I don’t need to worry about spending money but I’m definitely prone to overthinking. Putting a value on my time has helped.

So if I earn £1/10/100/1000 per hour, an hour spent wondering about a purchase is the equivalent amount of money wasted. If I spend several hours considering/discussing/viewing a purchase then I’m probably wasting more of my time than the item is actually worth.

PestoOnToast · 09/09/2021 13:31

@FluffyWhiteBird

Also were you punished for making mistakes? I was. I recognize the 'thinking things through to the nth degree', spending all my time and energy on making sure I didn't make a mistake instead of enjoying my life. It's ok to make mistakes. There are very few mistakes that can't be rectified somehow.
I wasn't punished for making mistakes but certainly wasting money was a no-go in my house.

For example, if my mum bought something that was then never used, when she cleared it out she'd always say how much it was, where it was from, when it was bought etc.
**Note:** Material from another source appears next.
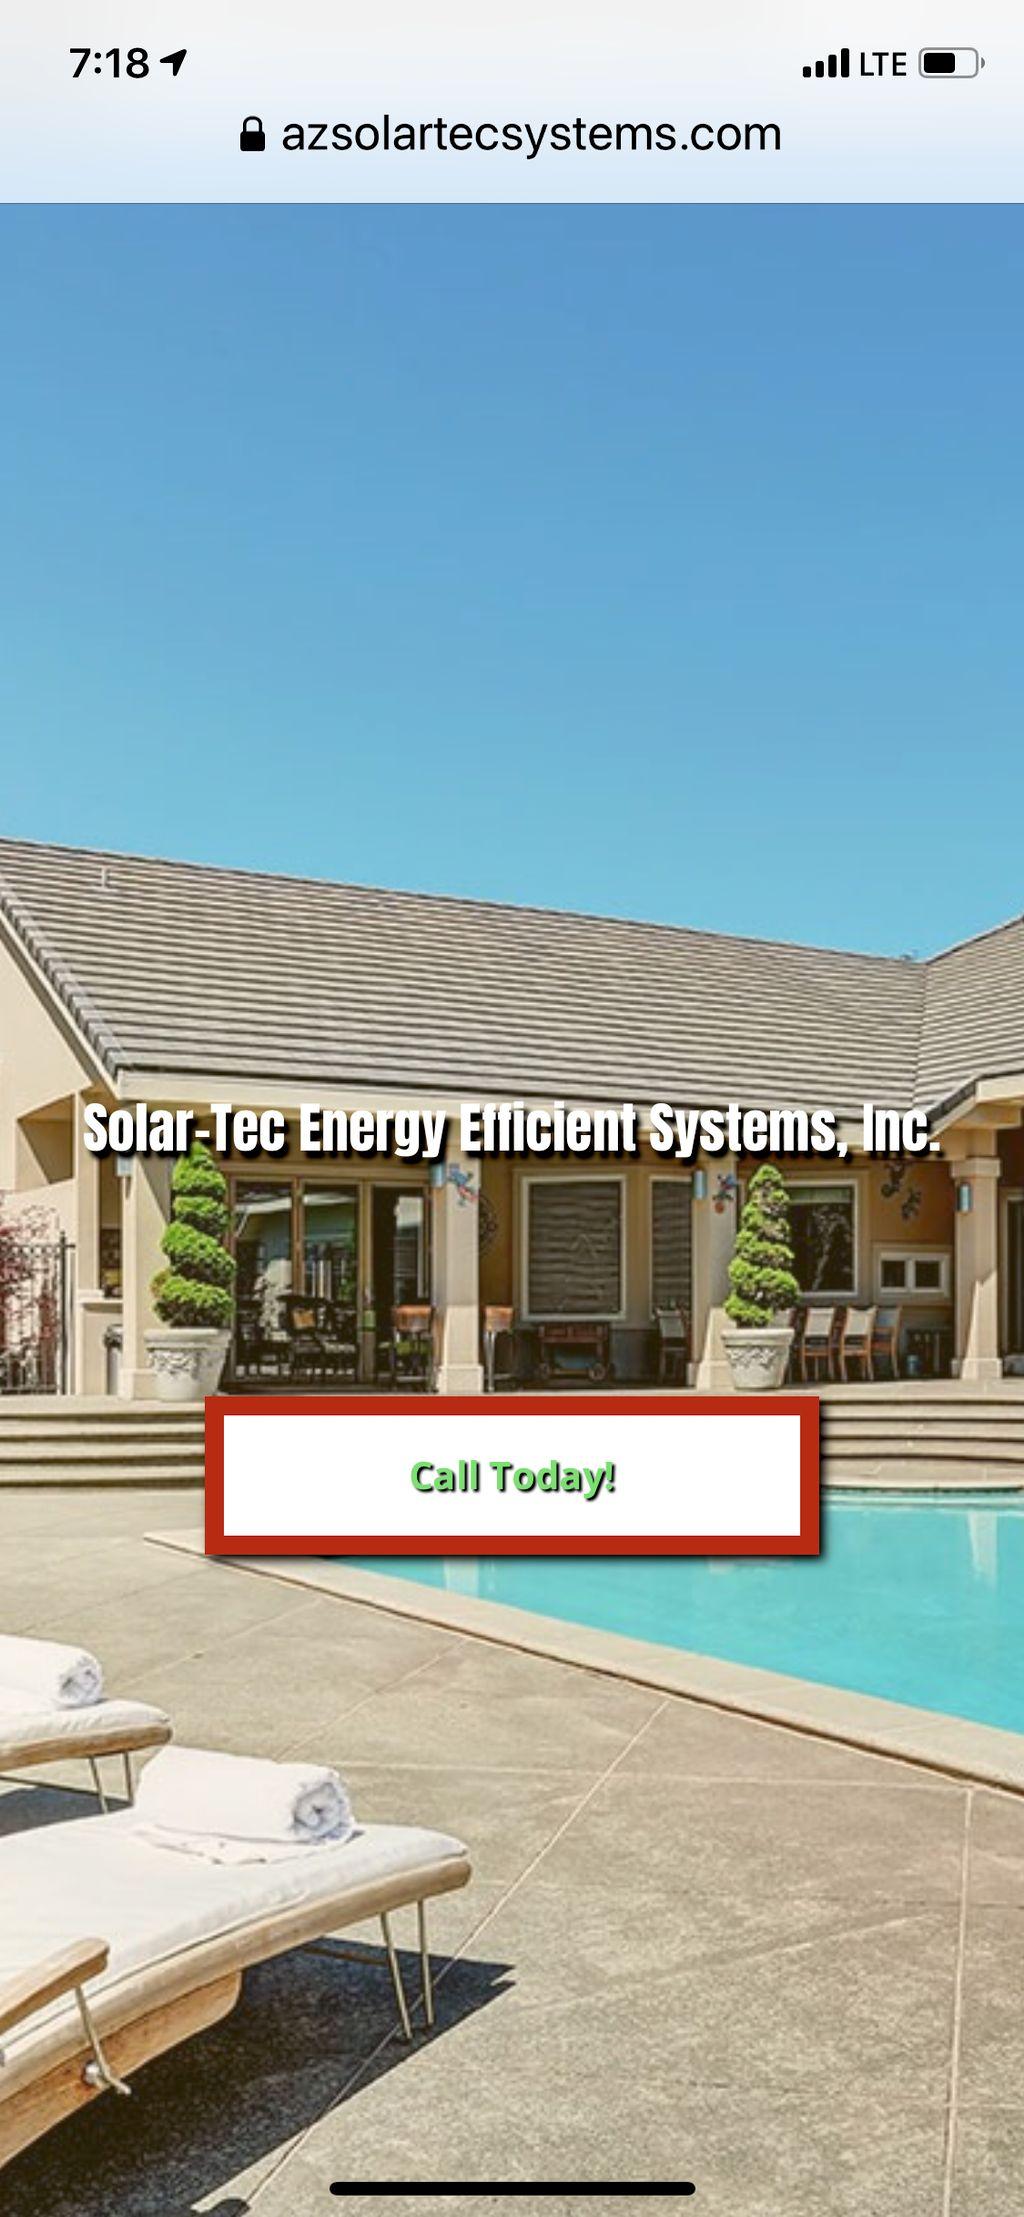 SOLAR TEC 'Energy Efficient Systems'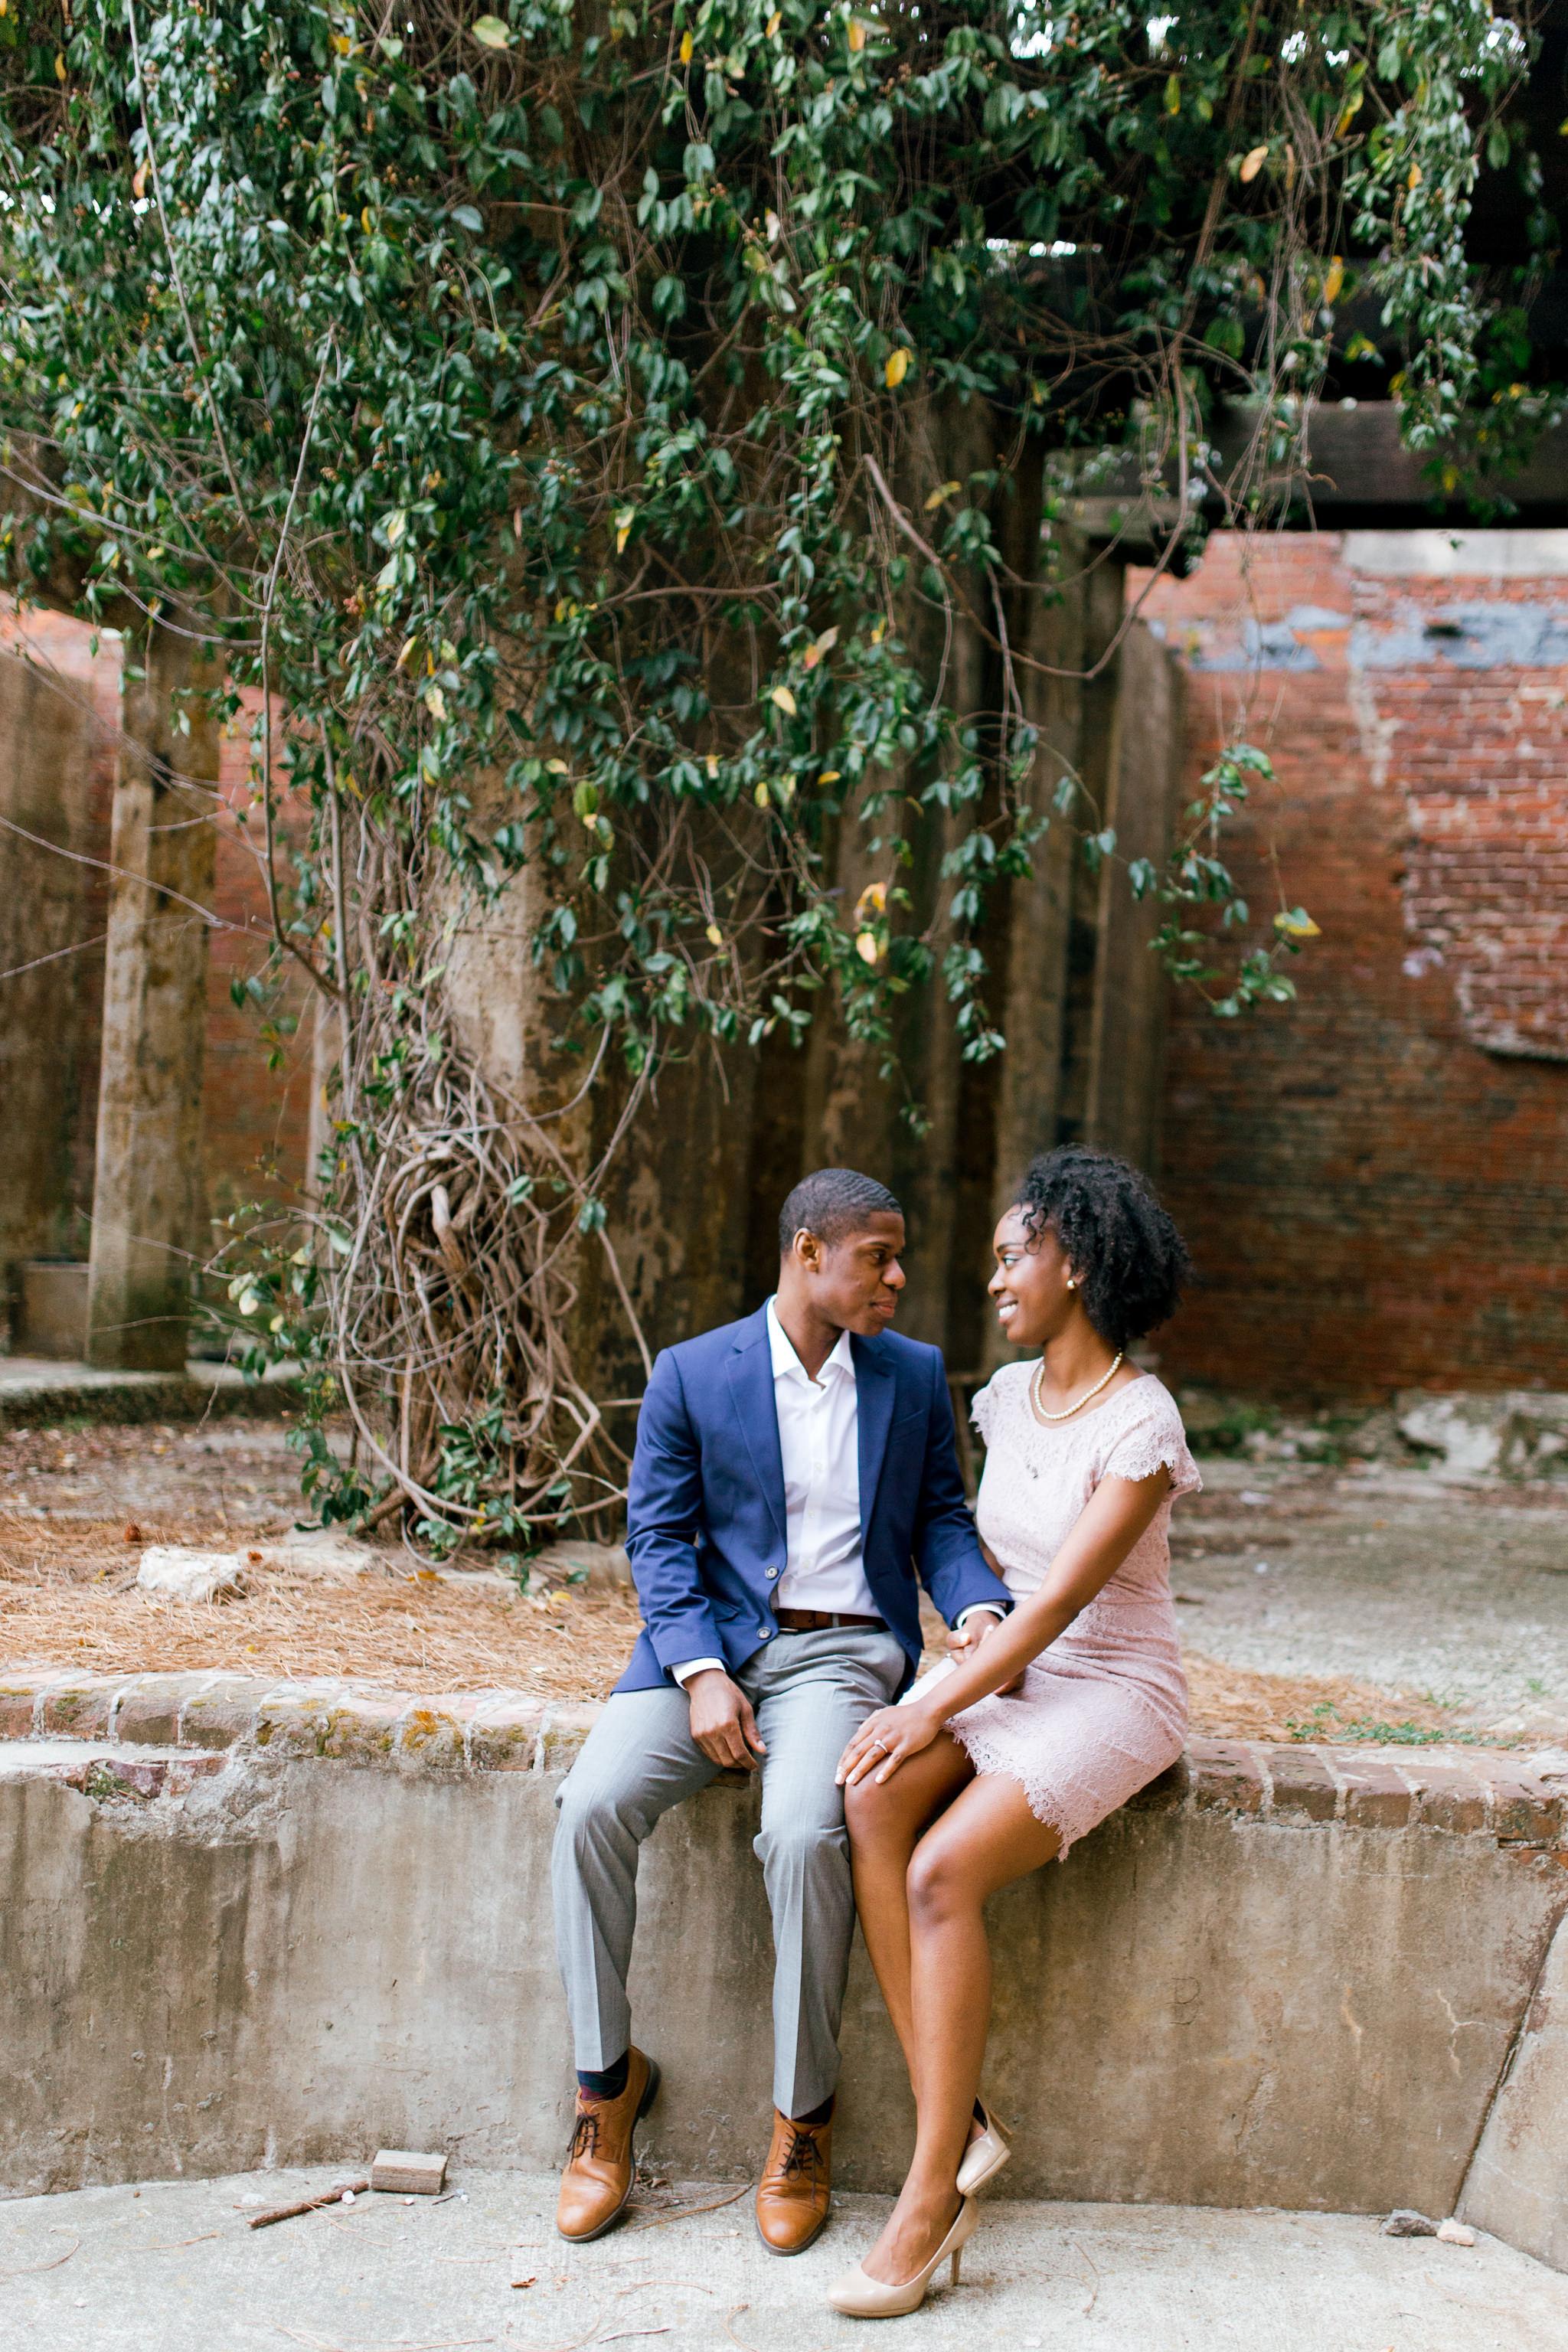 Grant-Park-Atlanta-Engagement-Pictures-Kiyah-C-Photography-20.jpg

That just created a sense that money shouldn't/couldn't be wasted.

When I was about 8, we went to Florida. We'd never really been on holiday before. My mum still talks now about how much that holiday costs, how much overtime her and my dad did to pay for that, how much they borrowed on the credit card, how much my mum had to borrow from her credit union etc. This has been happening for nearly 30 years. It gives this sense that big amounts of money spent are events that need to be remembered/accounted for.

OP posts:
PestoOnToast · 09/09/2021 13:33

This thread is so helpful. Thank you so much to everyone contributing. I'm so glad (kind of!) that there are other people out there who have this same issue as me. I thought I was just a mad weirdo Grin

Apologies for the mass-replies but I want to connect with everyone who's taking the time to share experiences and thoughts. This is so great.

OP posts:
ParkheadParadise · 09/09/2021 13:40

@PestoOnToast
Go and hit the shops and have a lovey guilt-free day spending your money.

Myotherusernamewastakenagain · 09/09/2021 13:41

I'm a bit like you but I'm a bit better now. I had a shit time financially in my early 20's where I was deep in my overdraft and just made my mortgage payment and vowed to never put that stress on myself. Things got better but not great as my OH is crap with money and racked up credit cards, loans, spent loads on toys etc the kids didn't need as she felt guilty about certain things with kids. I'm now in a decent place, can save nearly £1k a month if I put my mind to it but still shop for bargains and put off spending where it's not necessary, I'm getting better but that feeling of helplessness I will remember forever and never want to be like that again.